Dear Friends, I need a typical simple reaction to teach the students something other than the liquid reaction of caustic soda and ethyl acetate. I need to change to other reaction but use pH as a sensor if possible.
Titration reaction is one such reactions you could use to illustrate to students in chemical engineering lab. It is also encouraged that you vary the reactants concentration to give your students more insight.
Titrations hardly seem suitable for investigation in a chemical engineering lab, a chemistry lab, maybe, but not a chemical engineering lab. In a chemical engineering lab you want to study kinetics. With the ethyl acetate, sodium hydroxide, reaction you are actually studying the rate of hydrolysis of ethyl acetate to acetic acid and ethanol. To slightly vary the reaction, substitute other esters such as n-propyl acetate, isopropyl acetate or ethyl propionate.

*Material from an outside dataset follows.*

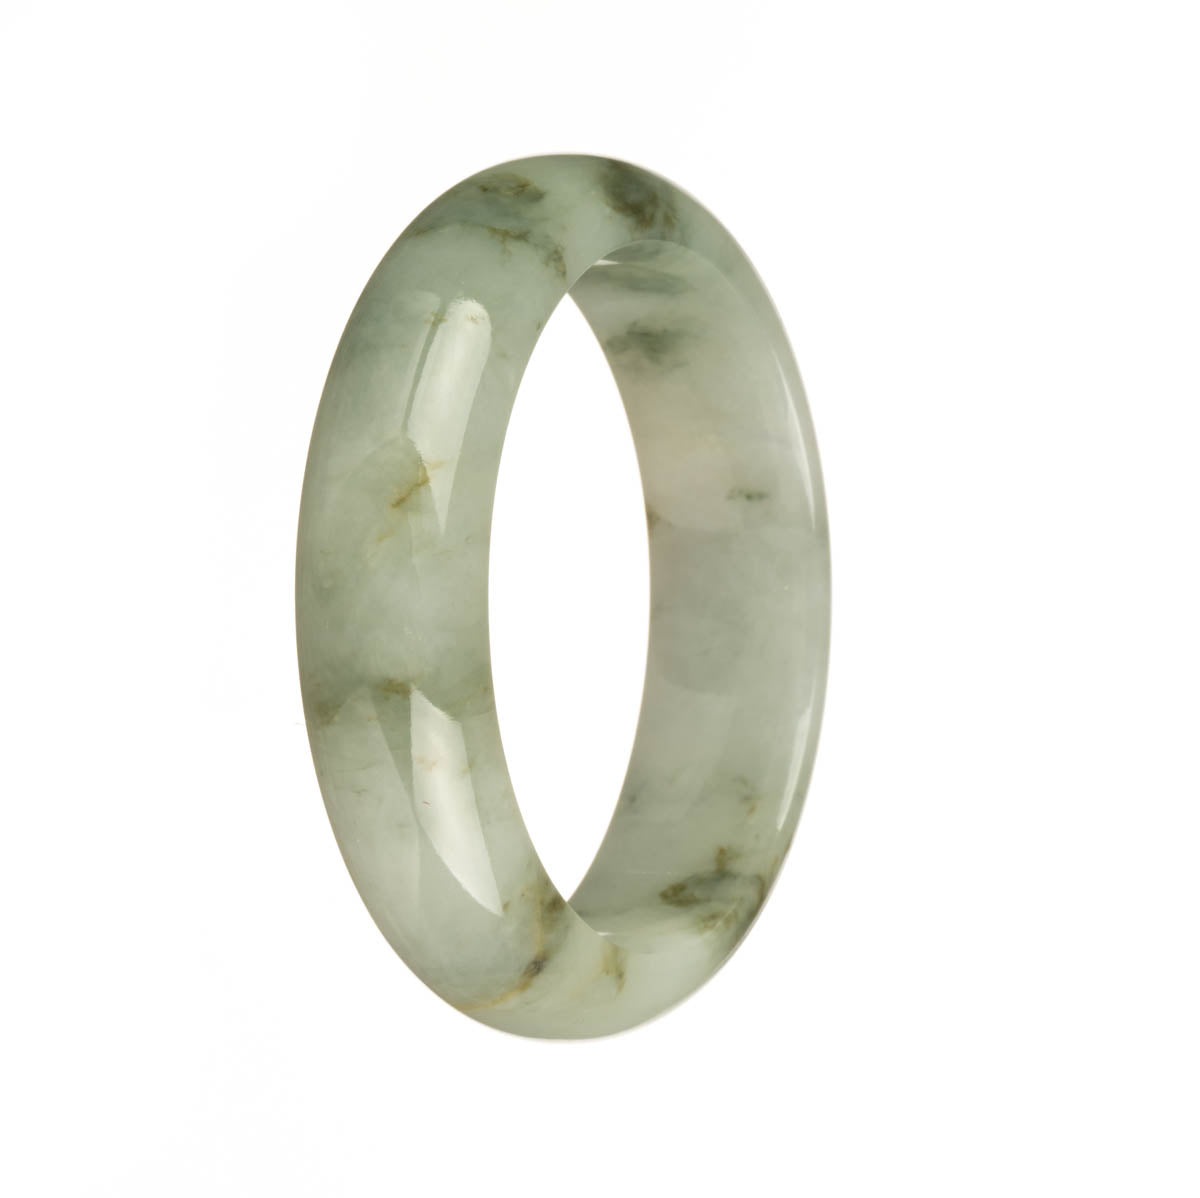 Certified Grade A White with Olive Green Pattern Jadeite Jade Bangle Bracelet - 55mm Half Moon

If you want to go a little further afield, try studying the hydrolysis of urea in sulfuric acid making carbon dioxide and ammonium sulfate solution. The urea reaction requires elevated temperature and temperature is another variable that you should study.
Thanks Prof. Brown for your nice answer, this what I need, I know how to demonstrate the titration in chemistry but need something for chemical engineering as you stated.
All the titration reactions stated above can also be used to study chemical kinetics if the concentration is measured with time [ dc/dt = -kC^n]. A aq. solution of base can be added to the acidic solution with constant stirring. Periodically, a sample may be collected in a pipette and can be titrated to determine the residual acid concentration. With time, you get a decay trend of acid concentration [C vs t]. Then using differential analysis, you can find both the order of reaction (n) and kinetic constant k.